═══ Stored data ═══
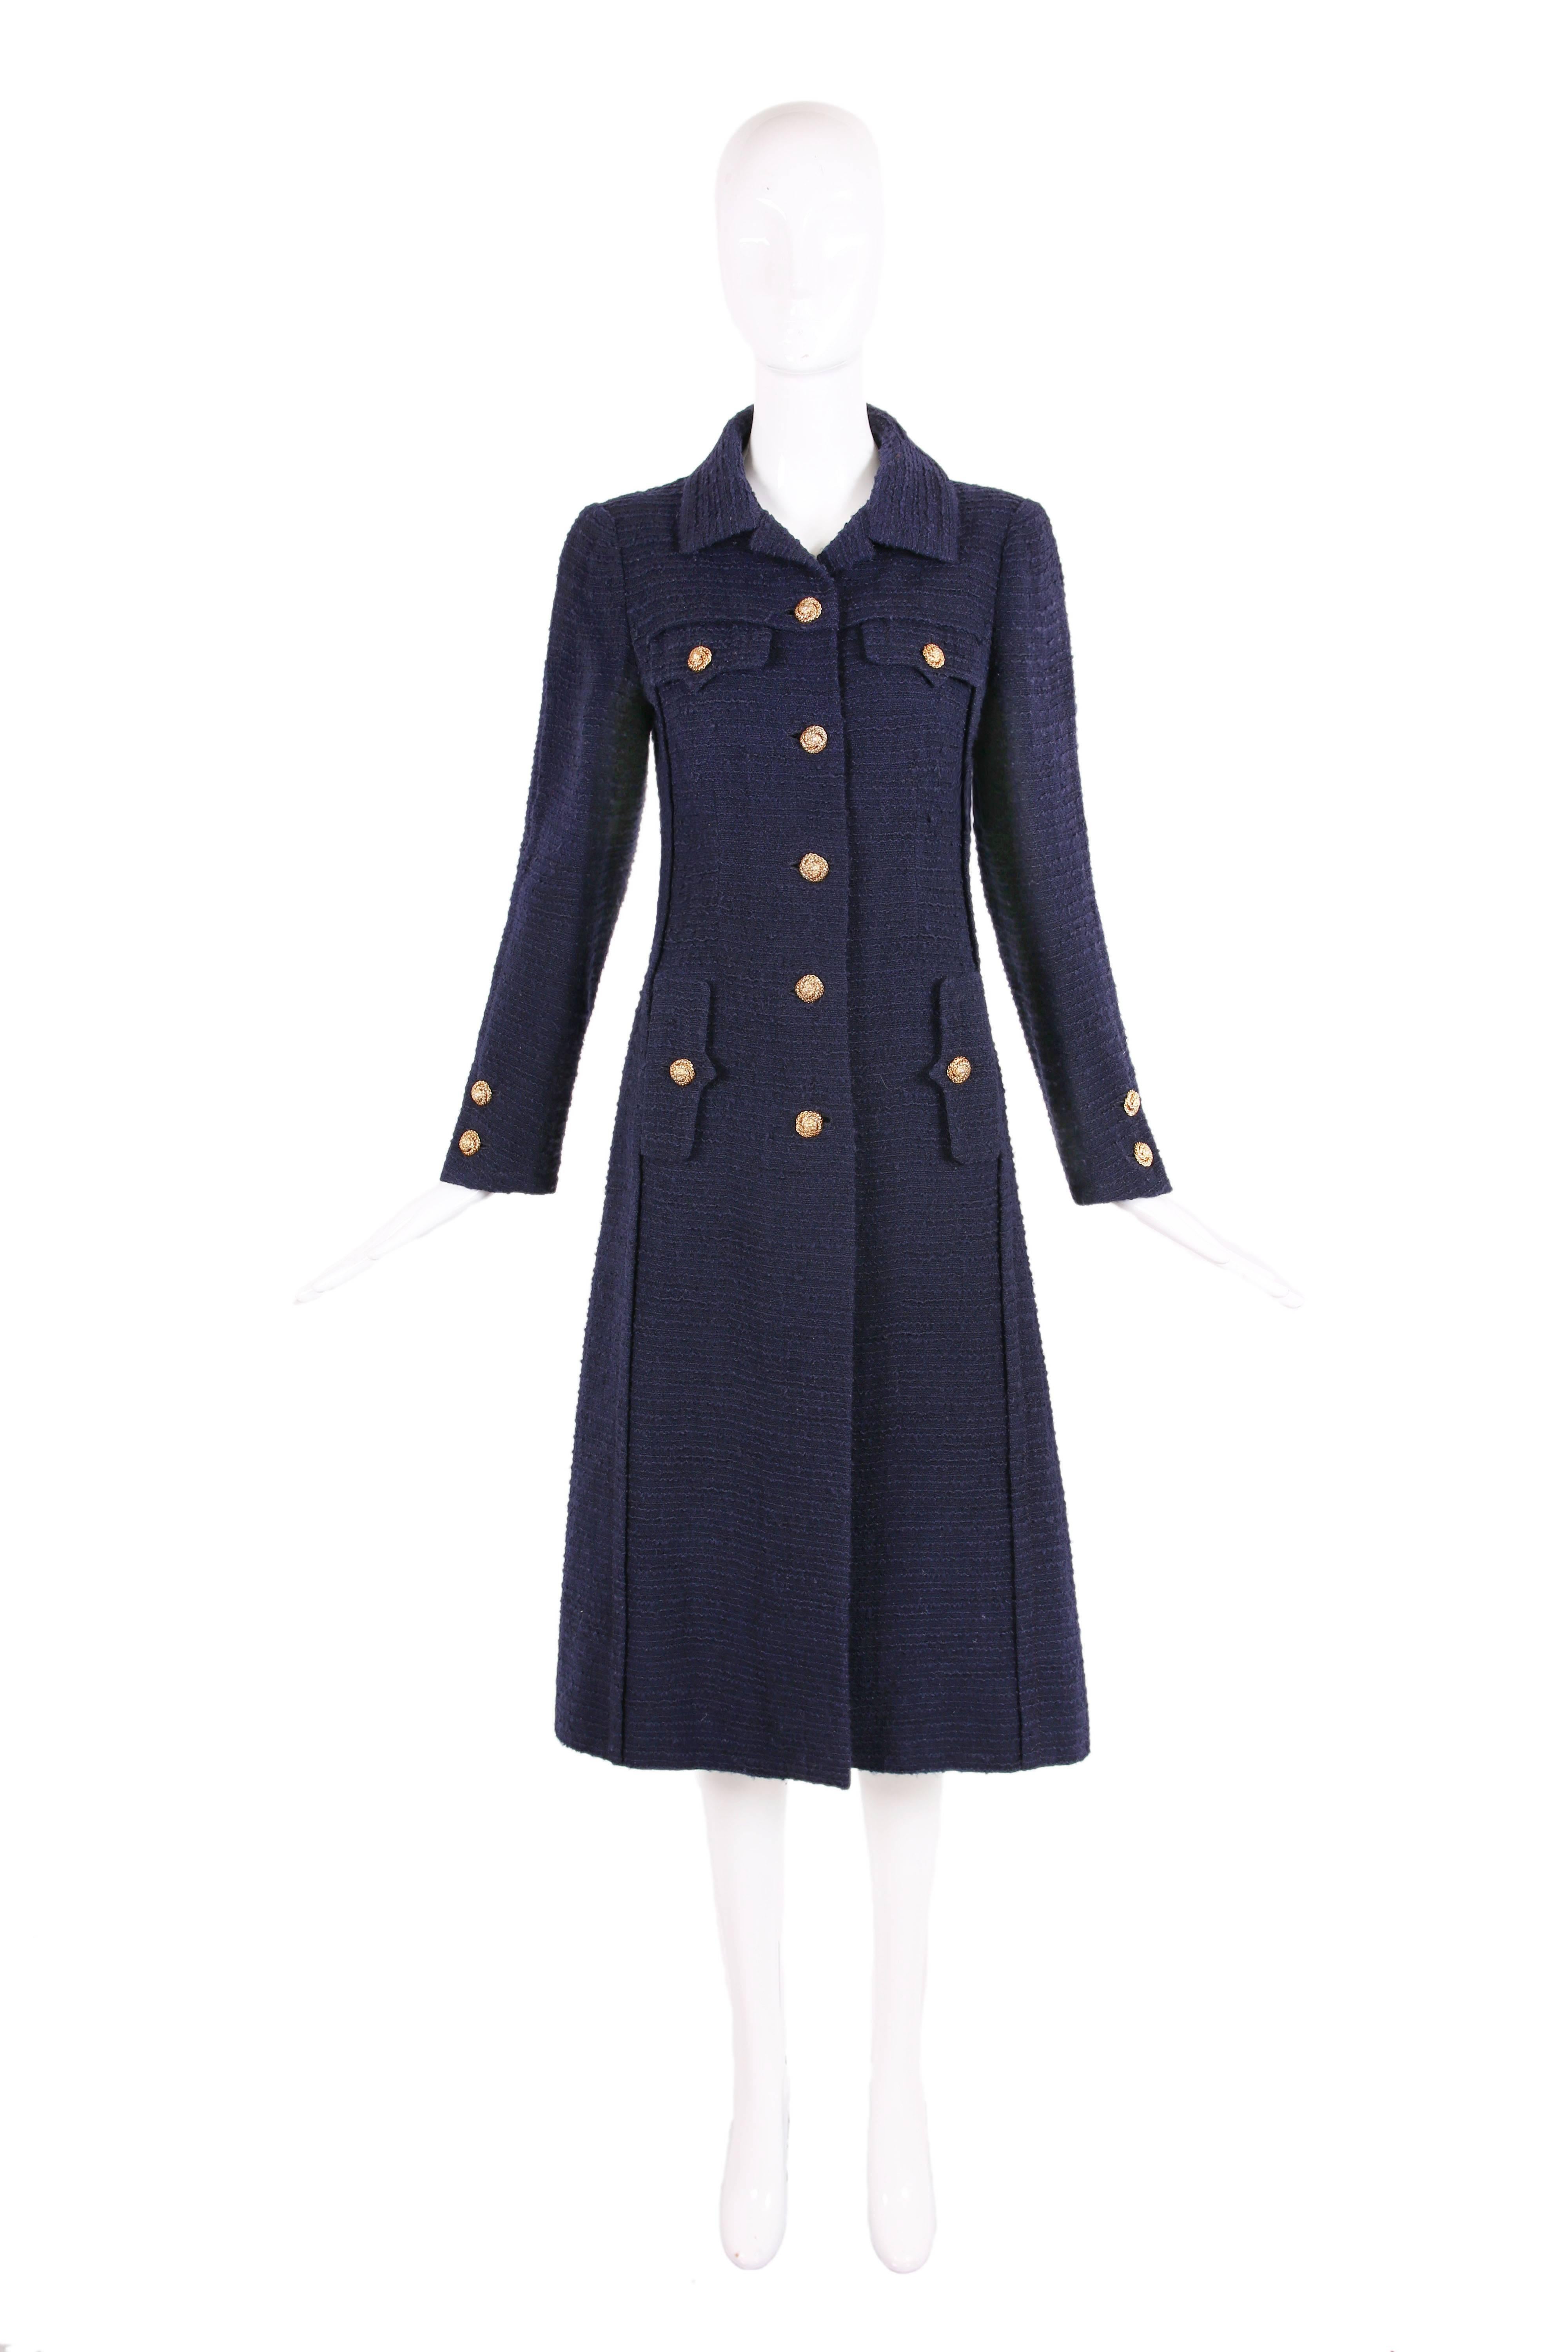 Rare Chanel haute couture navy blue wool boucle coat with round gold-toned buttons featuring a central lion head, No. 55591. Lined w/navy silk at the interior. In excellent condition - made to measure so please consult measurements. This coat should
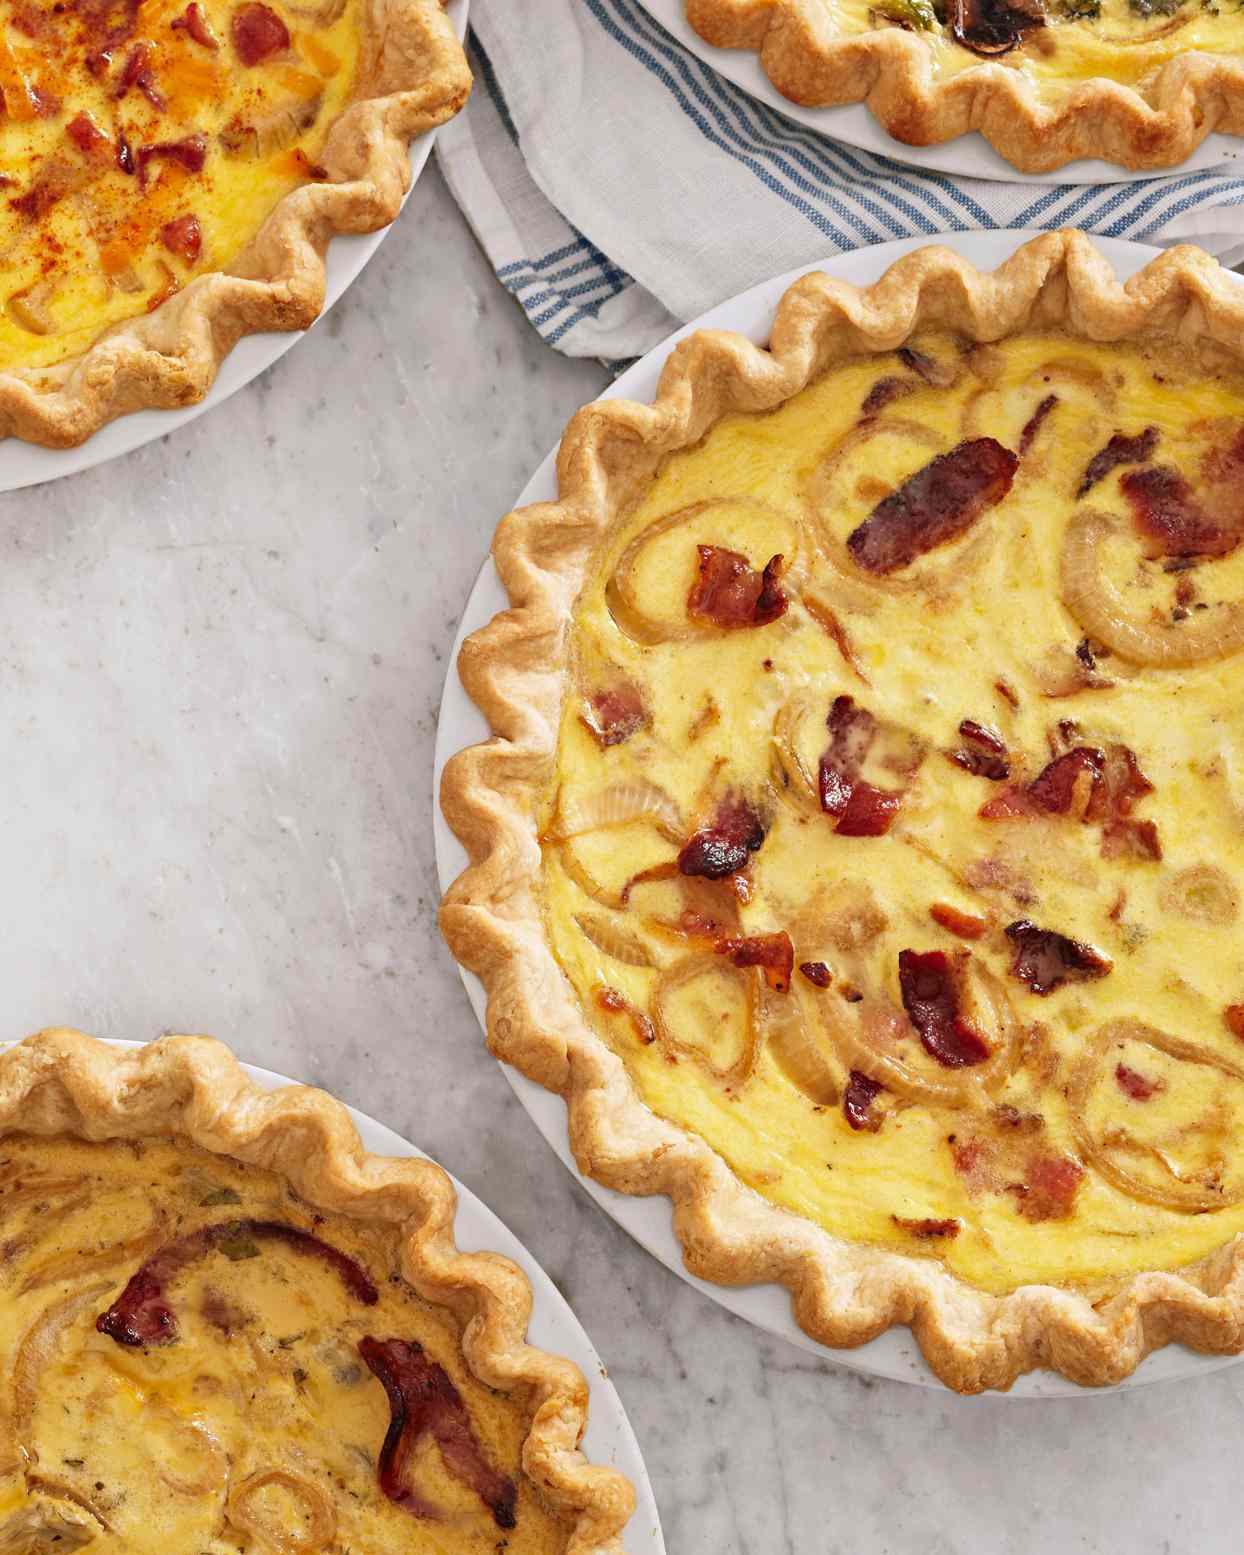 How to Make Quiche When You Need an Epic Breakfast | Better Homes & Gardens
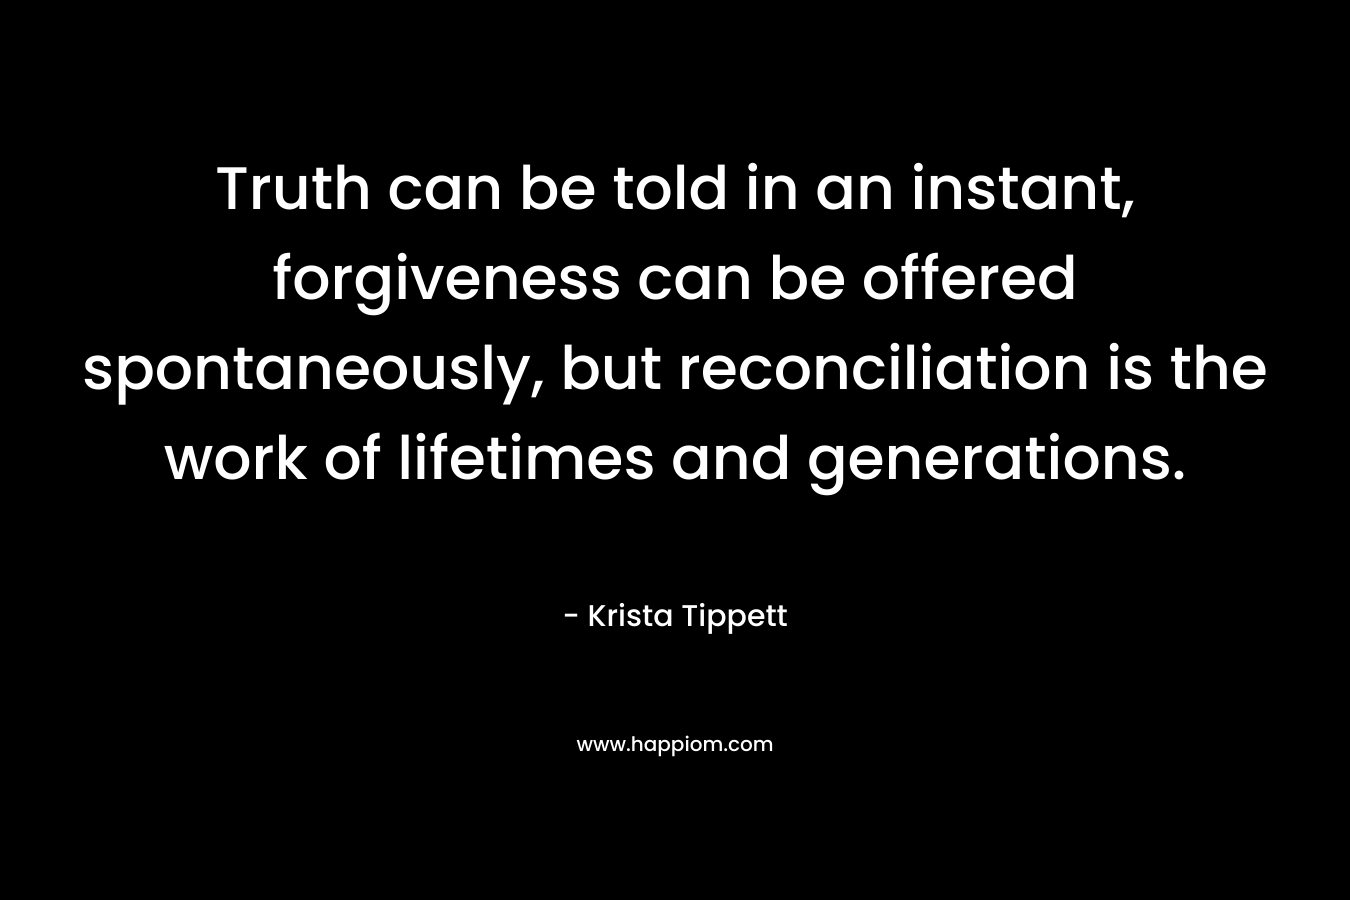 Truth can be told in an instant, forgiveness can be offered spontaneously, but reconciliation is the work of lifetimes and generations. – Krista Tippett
═══
Task prompt: Could you reproduce the data above exactly, without its pictures?

Response for this exercise:
 Rare Chanel haute couture navy blue wool boucle coat with round gold-toned buttons featuring a central lion head, No. 55591. Lined w/navy silk at the interior. In excellent condition - made to measure so please consult measurements. This coat should
 How to Make Quiche When You Need an Epic Breakfast | Better Homes & Gardens
 Truth can be told in an instant, forgiveness can be offered spontaneously, but reconciliation is the work of lifetimes and generations. – Krista Tippett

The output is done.